I will explain step by step how to do analytics at each stage of your startup. My recommendations for each stage will help answer the question: “What is the absolute minimum that I can do without?” . We are not here to build castles in the air; we need the cheapest solutions.
Let's start.
Stage of foundation
(0 to 10 employees)
At this stage, you have no resources and no time. There are a million things that you could measure, but you are so immersed in the details of your business that, in general, you can make good decisions based on instinct. The only thing that you still have to measure is your product, because it is the product indicators that will help you to quickly iterate in this critical phase. Everything else goes to the background.
What to do
- Install Google Analytics on your site using the Google Tag Manager . The data will not be perfect without additional work, but now is not the time to worry about it.
- If you have a business in the field of e-commerce, then you still need to make sure that your data in Google Analytics is all right. GA can do a great job of tracking your e-commerce events all the way from the visitor to the purchase, so take the time to set it up correctly.
- If you are developing software, you need to keep track of user events. No matter which tool you use, Mixpanel and Heap are very similar and both are good. At this point, I wouldn't really think about which events to monitor: just use the AutoTrack mode in Mixpanel or the default settings in Heap. When you realize that you need any events, you will find that they are already being tracked. This approach does not scale well, but for now it will do.
- Keep your financial statements in Quickbooks. Predict do in Excel. If you have a subscription business, use Baremetrics for subscription metrics. If you are an e-commerce business, use your trading platform to calculate income. Do not get carried away.
If you are not technically savvy, you may need a programmer who can help with GA and event tracking. All this setup will not take more than two hours, including reading documents. Spend on this time allocated for the development, it is worth it.
What not to do
Nothing that is listed above. Do not let anyone sell you a data warehouse, BI platform, a large consulting project or ... well, you understand. Stay focused. When you start building analytics, there are additional costs. Data changes all the time. Changing business logic. Stepping on this track, you will not be able to pause your analytical project. Set aside a large investment for later.
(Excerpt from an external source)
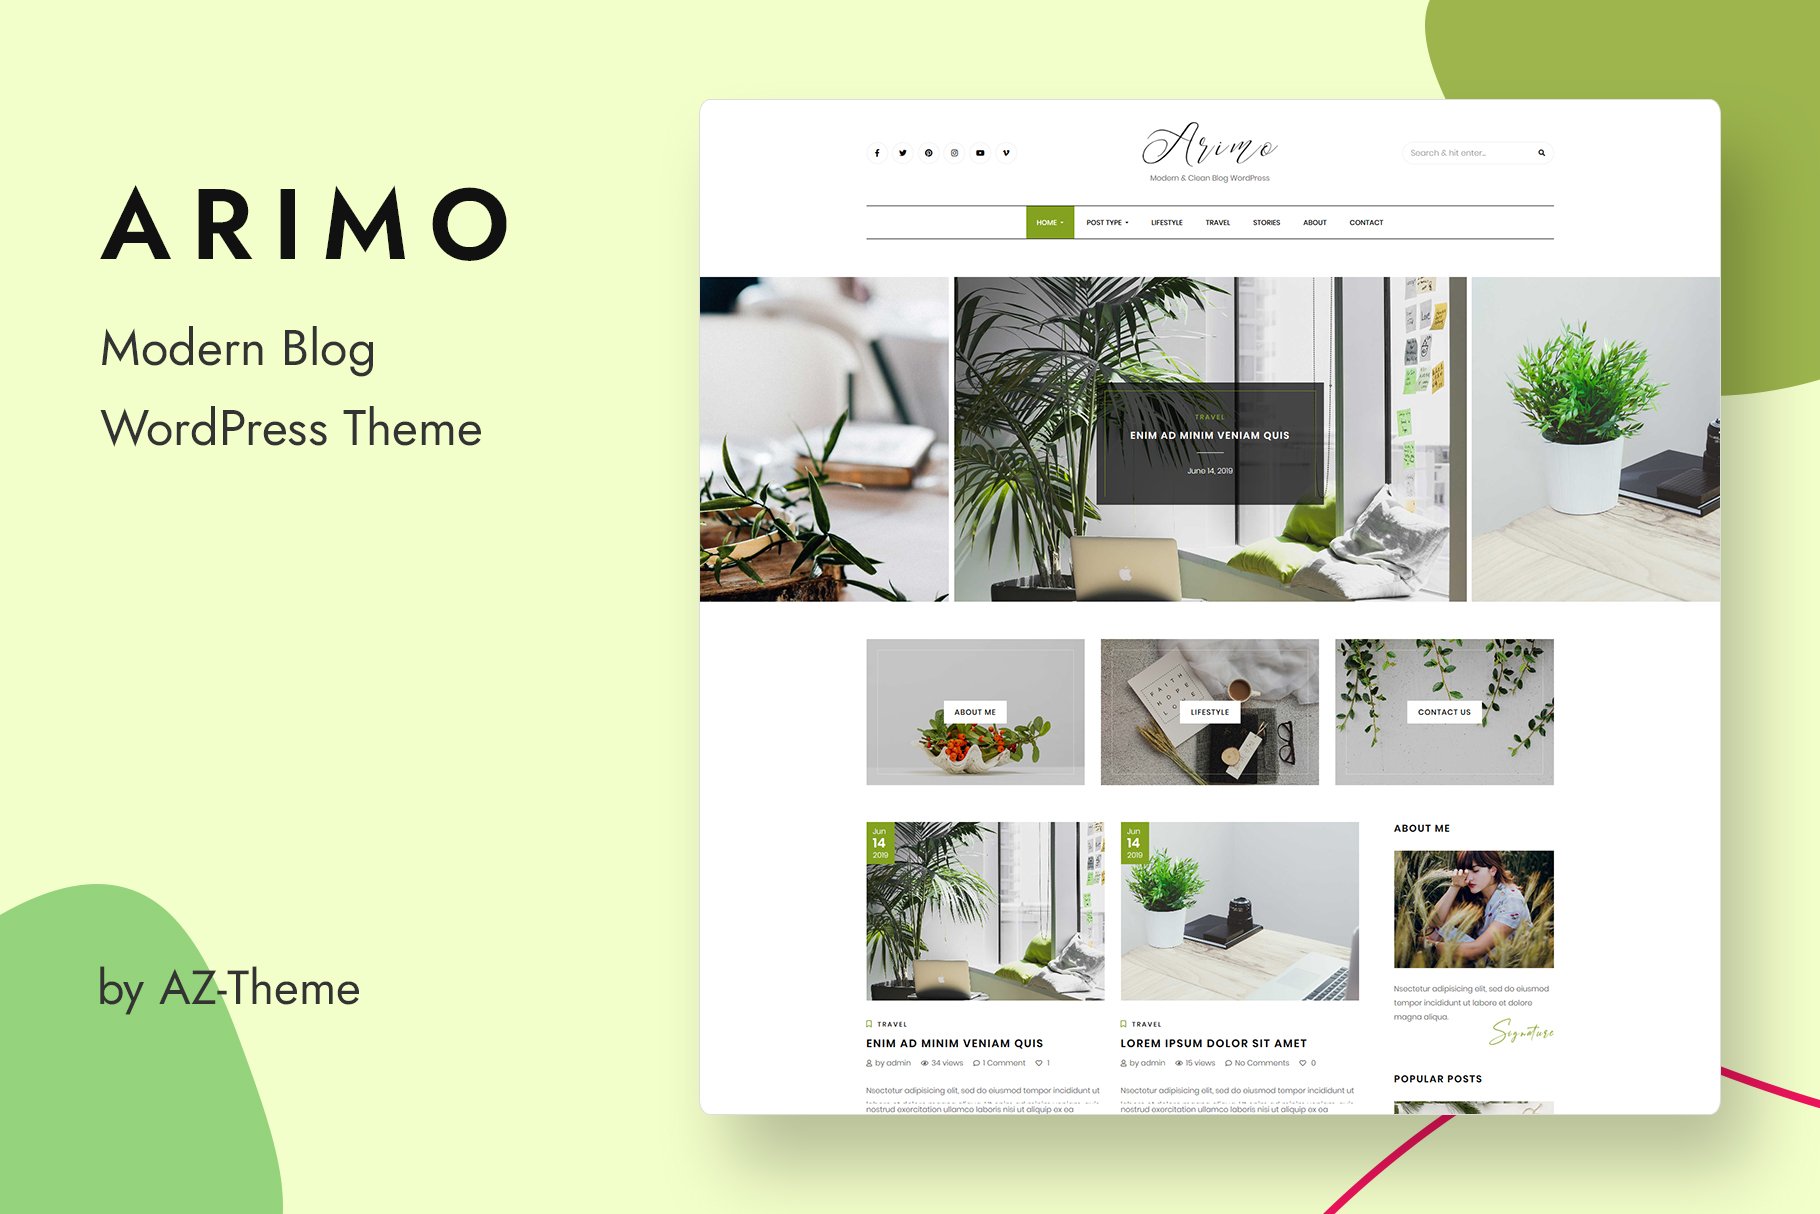 Modern Blog WordPress Theme - Arimo cover image.

There will be many questions that you simply can not answer. This is normal (for now).
Very early stage
(10 to 20 people)
You slightly increase your team. These people need data to do their jobs. They may not be data experts, so you need to make sure that they are doing basic things correctly.
What to do
- You probably hired marketers. Make sure that they are responsible for GA. Make them responsible for the purity of the data displayed in it. Let them affix UTM tags to every damn link they create. Let make sure your subdomains are not tracked twice . Your marketers can say that they "do not rummage in GA." Do not listen to them. There is enough information about GA on the Internet, so if they are smart and motivated, they can learn and understand this. If they can't figure it out, fire them off and find someone else (seriously).
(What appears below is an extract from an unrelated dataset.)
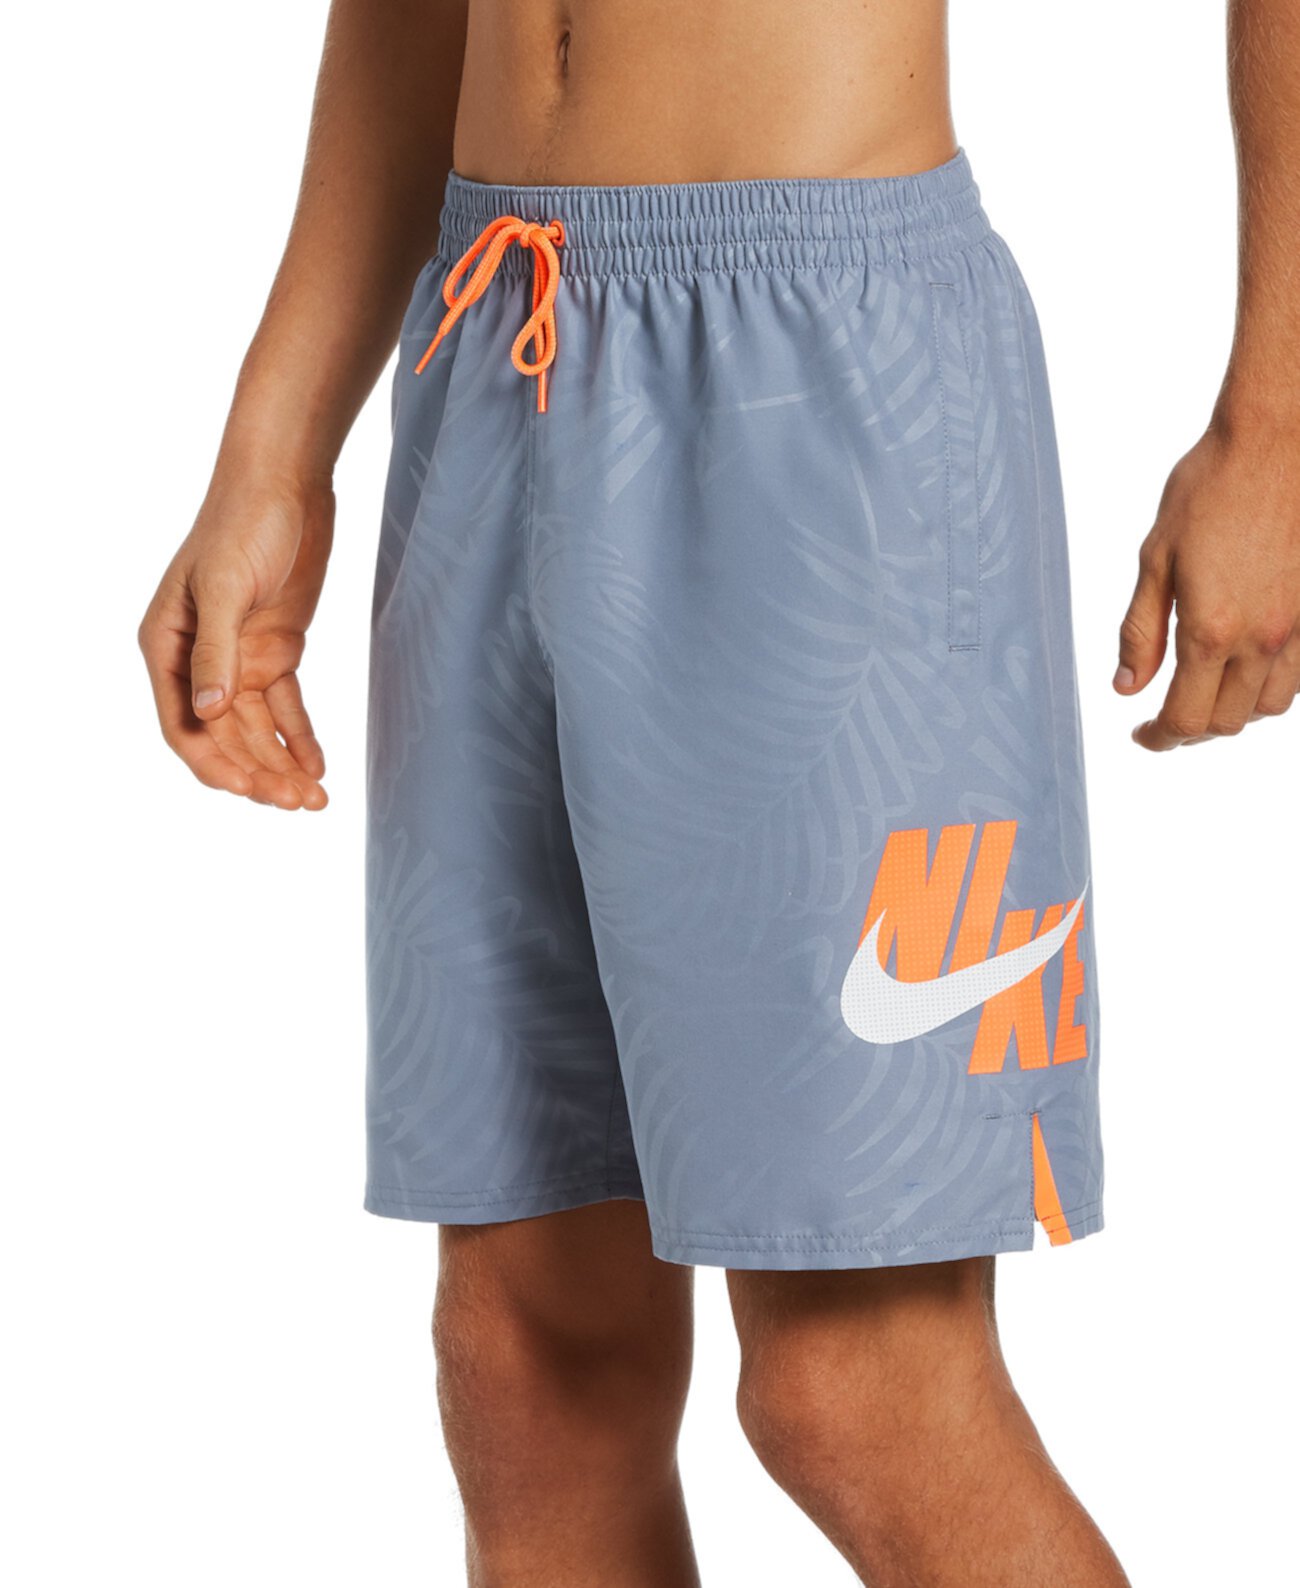 Мужские шорты для волейбола 9 дюймов Big & Tall Palm Nike

- If you have a sales department and there is CRM, use the built-in reporting. Make sure your people know how to use it. You should be able to calculate basic things, such as sales performance and conversion rates for sales funnel steps. Salesforce can do this out of the box. Do not export data to Excel, generate reports in their (terrible) report builder. Even if now you are uncomfortable, it will save you a lot of time in the coming months.
- You probably have several support people. Most support desk systems do not have good reporting, so choose such KPIs that you can easily measure in their interface.
- Make sure you measure the NPS. Use Wootric or Delighted .
What not to do
It's too early for data storage and SQL-based analytics - it just takes too much time. You need to spend all your time on business, not analytics , and the easiest way to do this is to use the built-in reports of various SaaS products with which you are already working. In addition, you do not need to hire a full-time analyst. Now there are more important things to spend your limited funds on.
Early stage
(20 to 50 employees)
It is here that everything becomes interesting, and the changes over the past two years are obvious. As soon as you raise your round A and you have 20+ employees, you will have new opportunities.
These capabilities are due to one thing: technology analytics is rapidly improving . Infrastructure of this kind, as now, was previously only available to large companies. Its benefits? More reliable performance, greater flexibility and a more suitable platform for future growth .
This is the most difficult and most important stage: promising if you do everything right, but painful if wrong.
What to do
- Configure the data infrastructure. This means choosing a data warehouse, ETL and BI tools. As a data warehouse, consider Snowflake and Redshift (I prefer to work with Snowflake if you have a choice). As an ETL tool, take Stitch 1 or Fivetran . As for BI, look at Mode and Looker 2 . There are many, many products in this area; these six are those to which we return again and again with our clients.
- Take a strong analyst leader. On the way, you will need a whole team of analytics experts: engineers, analysts, data scientists ... But for now, you can afford (no more than) one person per staff. You need to find that special person who will benefit on the first day, but who will also be able to hire a team around you as you grow. This person is hard to find - take the time to search for him. Often these people have experience in consulting or finance, and they often have an MBA. Although this person should be ready to roll up his sleeves and mess around, focus on hiring someone who can think about data and your business strategically: he will become an essential part of your analytical puzzle over the years.
- Consider hiring a consultant. While it’s great that you’ve found the analyst’s manager, this person will not have the experience necessary to combine all the components of your technology stack or to solve all the analytics problems you will encounter in your business. Mistakes made at this critical stage will entail serious costs both in time and money as you grow, so it is important to lay a solid foundation . To do this, most startups today prefer to work with consultants to help them set up the infrastructure, and then build a team around it.
What not to do
- If machine learning is not the main part of your product, do not hire a data scientist yet. To create your analytical team, you need a wagon, not a narrow specialist.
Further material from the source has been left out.